*PROBLEM STATEMENT*:
Transcribe the lines below exactly. No image belongs in the transcription.
(Beginning of SOURCE MATERIAL)
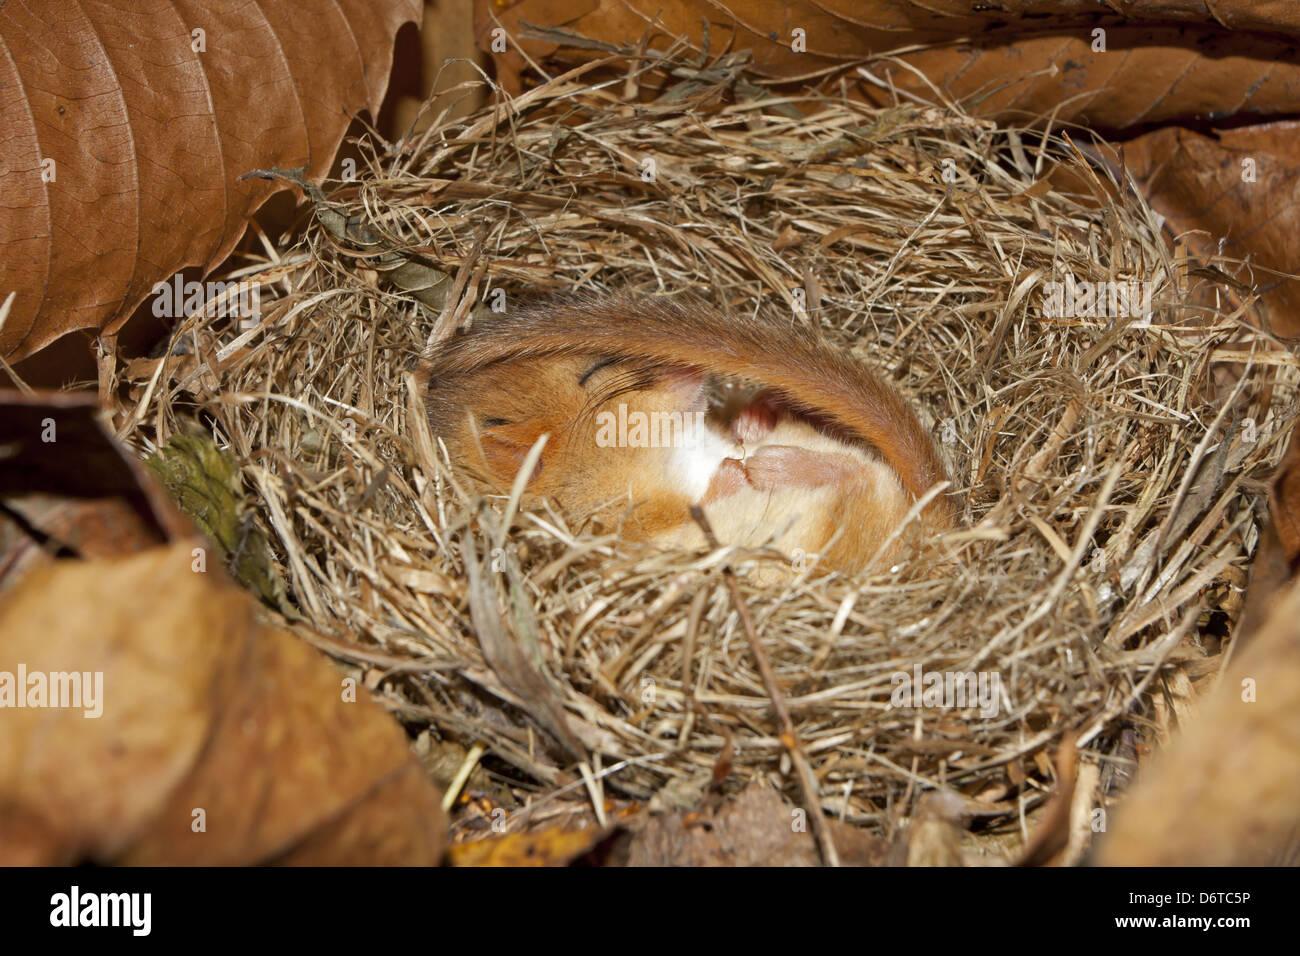 Hazel Dormouse (Muscardinus avellanarius) adult, hibernating in nest, Norfolk, England, January - Stock Image
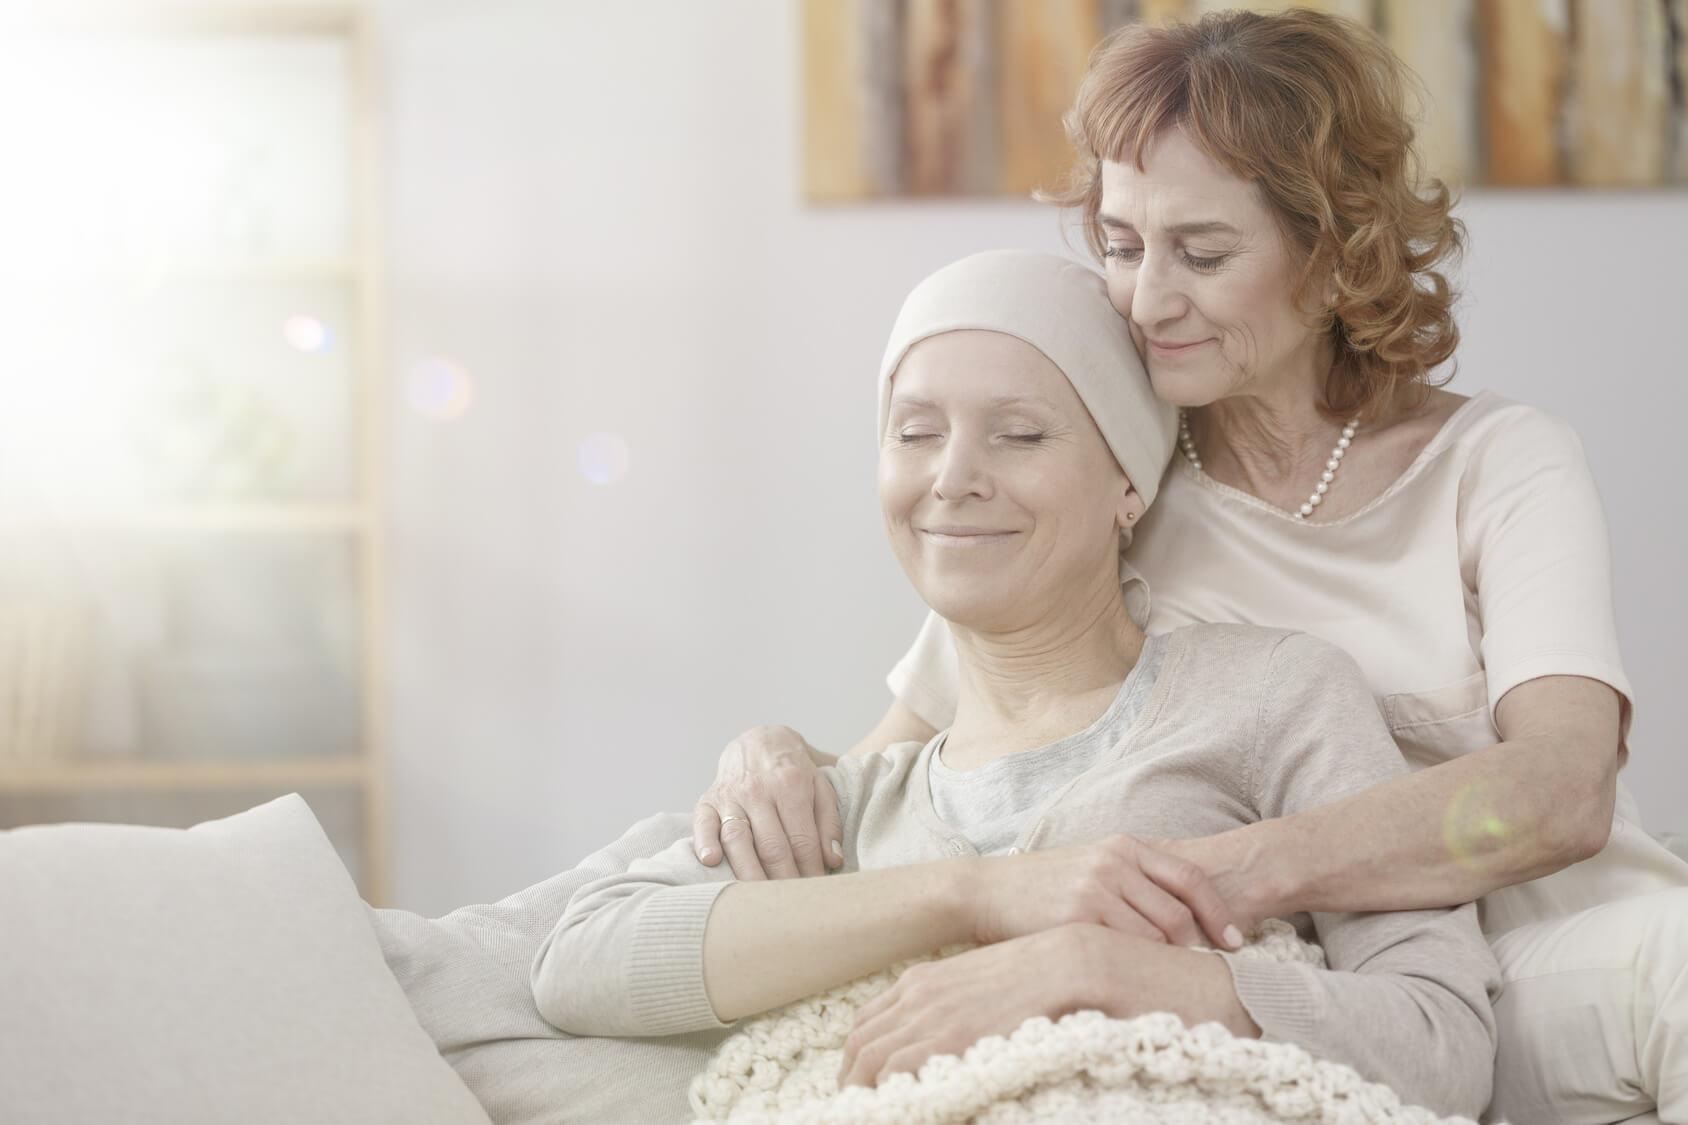 Diagnose Brustkrebs: Hilfe annehmen!
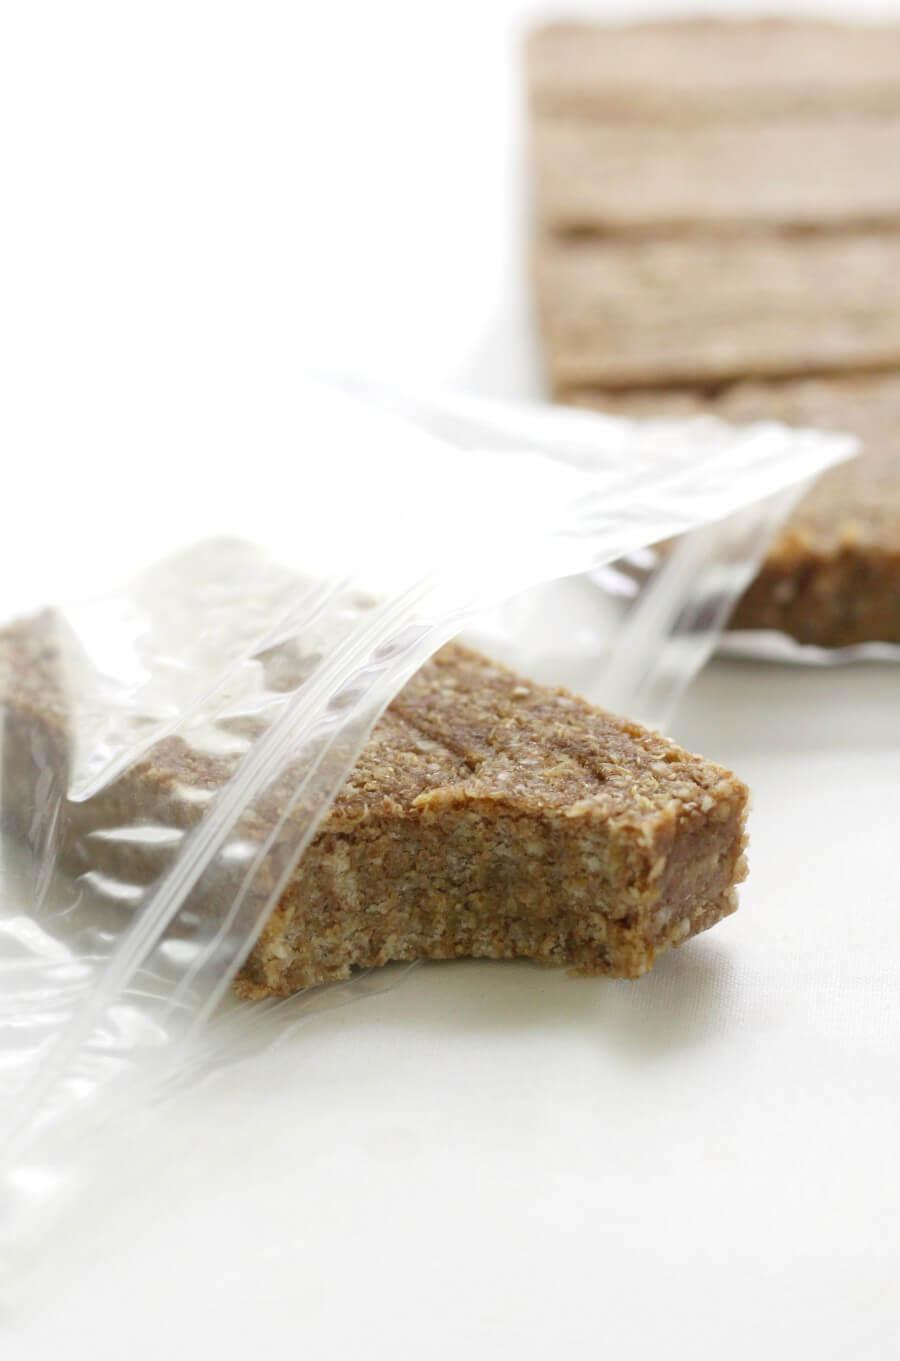 Oat-Free No-Bake Granola Bars
(End of SOURCE MATERIAL)
*SOLUTION*:
 Hazel Dormouse (Muscardinus avellanarius) adult, hibernating in nest, Norfolk, England, January - Stock Image
 Diagnose Brustkrebs: Hilfe annehmen!
 Oat-Free No-Bake Granola Bars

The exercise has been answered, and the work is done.